O setor da saúde tem a particularidade de ser muito profícuo em termos de evolução tecnológica. Como tal, os desafios para a regulação são muito acutilantes e exigem um esforço redobrado no sentido de estar um passo à frente, no que se refere à qualidade e à garantia do acesso às prestações de cuidados de saúde. Para tal, o país deverá acentuar o ritmo de investimentos na saúde, seja por via do Orçamento Geral do Estado, seja por via do investimento privado.
O Turismo de Saúde é um segmento que deverá ser explorado de forma mais intensa, pois, se o Turismo, de uma forma geral, é o motor da economia nacional, não restam dúvidas que o papel da Saúde nesse setor deve e pode ser amplificado e contribuir para robustecê-lo. Cabo Verde está muito perto de ter as condições e o ambiente propícios para alavancar um Turismo de Saúde que satisfaça as expetativas de pessoas que buscam tratamentos que podem variar desde cirurgias estéticas até procedimentos odontológicos, tratamentos de fertilidade, reabilitação, entre outros. Entretanto, há-que acelerar o passo no que se refere à dotação do país de um quadro legal robusto e que proteja efetivamente os utentes que procuram esses serviços, porquanto o turismo de saúde também levanta questões éticas e preocupações, como padrões variados de cuidados médicos, questões de segurança do paciente, barreiras linguísticas e culturais, e o impacto nos sistemas de saúde tanto nos países de origem quanto nos países de destino. Portanto, é essencial que Cabo Verde esteja dotado de todos os instrumentos legais e operacionais imprescindíveis. Quando bem implementado, o turismo de saúde pode gerar benefícios económicos significativos para os destinos que oferecem esses serviços, incluindo a receita direta do turismo, a criação de empregos no setor de saúde e investimentos em infraestrutura médica e turística.
Por outro lado, Cabo Verde, enquanto país aberto ao mundo, terá de criar uma envolvente que garanta a sustentabilidade do seu Sistema de Saúde, pois, sem dúvida, a inovação na área da saúde, impulsionadora do desenvolvimento de novas tecnologias médica, dispositivos, tratamentos e terapias mais eficazes e menos invasivos, traz consigo também o desafio dos custos, independentemente de serem, do ponto de vista médico, mais eficazes. Será um desafio hercúleo a avaliação e incorporação de novas tecnologias de saúde em Cabo Verde.
Ainda, para finalizar, gostaria de abordar a questão dos Recursos Humanos em Saúde.

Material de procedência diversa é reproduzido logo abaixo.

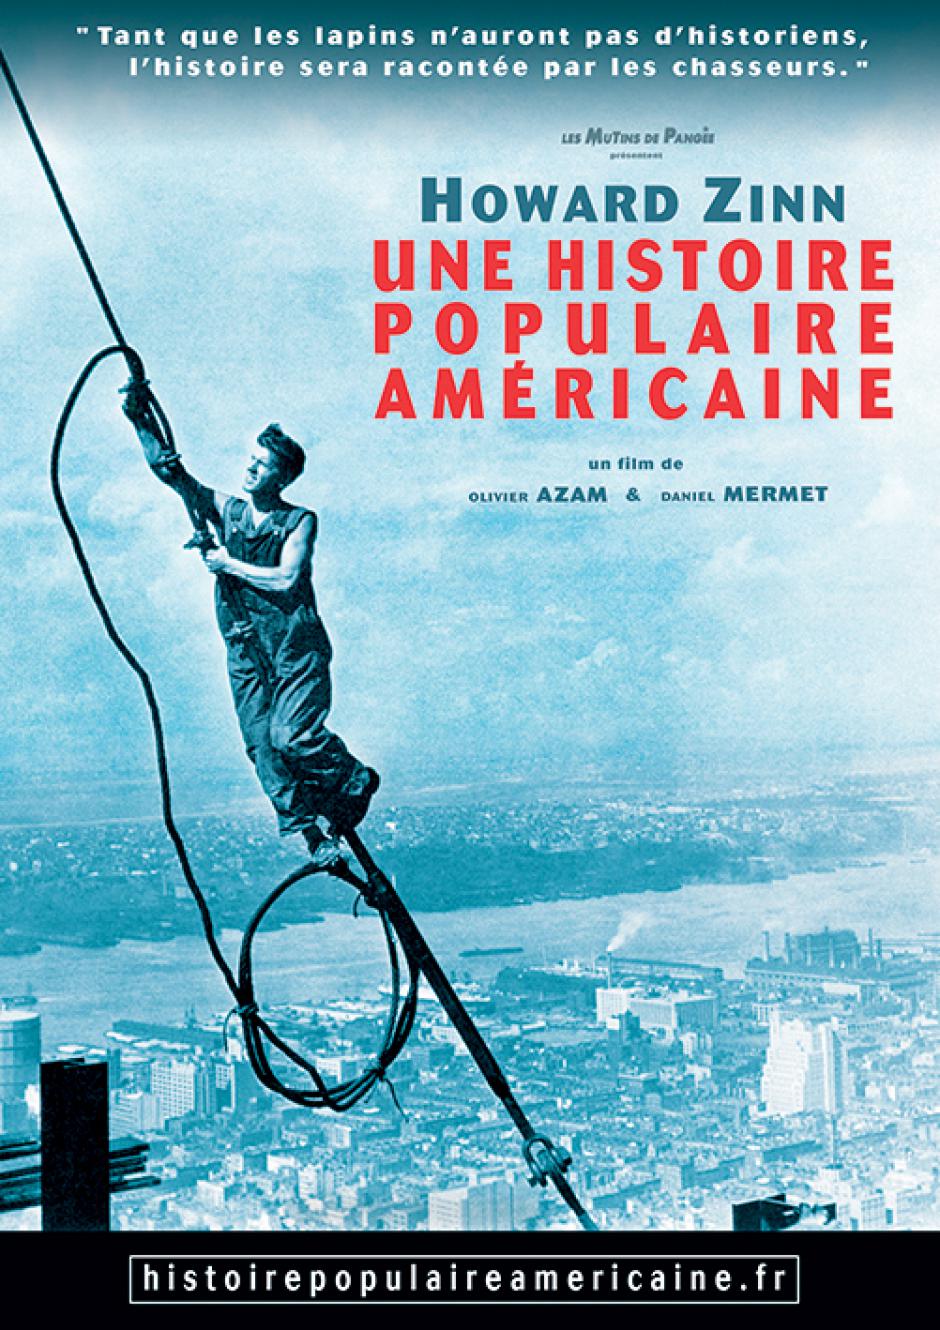 10 octobre, Clermont - SNES Retraités-Oise-Ciné-débat « Howard Zinn, une histoire populaire américaine »

O adequado dimensionamento e qualificação dos recursos humanos em saúde é fundamental para garantir a prestação de serviços de saúde de qualidade e abrangentes, incluído o turismo de saúde. Cabo Verde terá que continuar a apostar fortemente na formação e qualificação dos seus recursos humanos em geral, mas com especial ênfase nos profissionais de saúde, pois a sustentabilidade e desenvolvimento desse setor dependem maioritariamente disso. As infraestruturas, os equipamentos de ponta e as outras ferramentas de trabalho em saúde só alcançarão o seu verdadeiro potencial e traduzi-lo-ão em impacto na vida dos cidadãos e da economia do país, se utilizados por profissionais qualificados.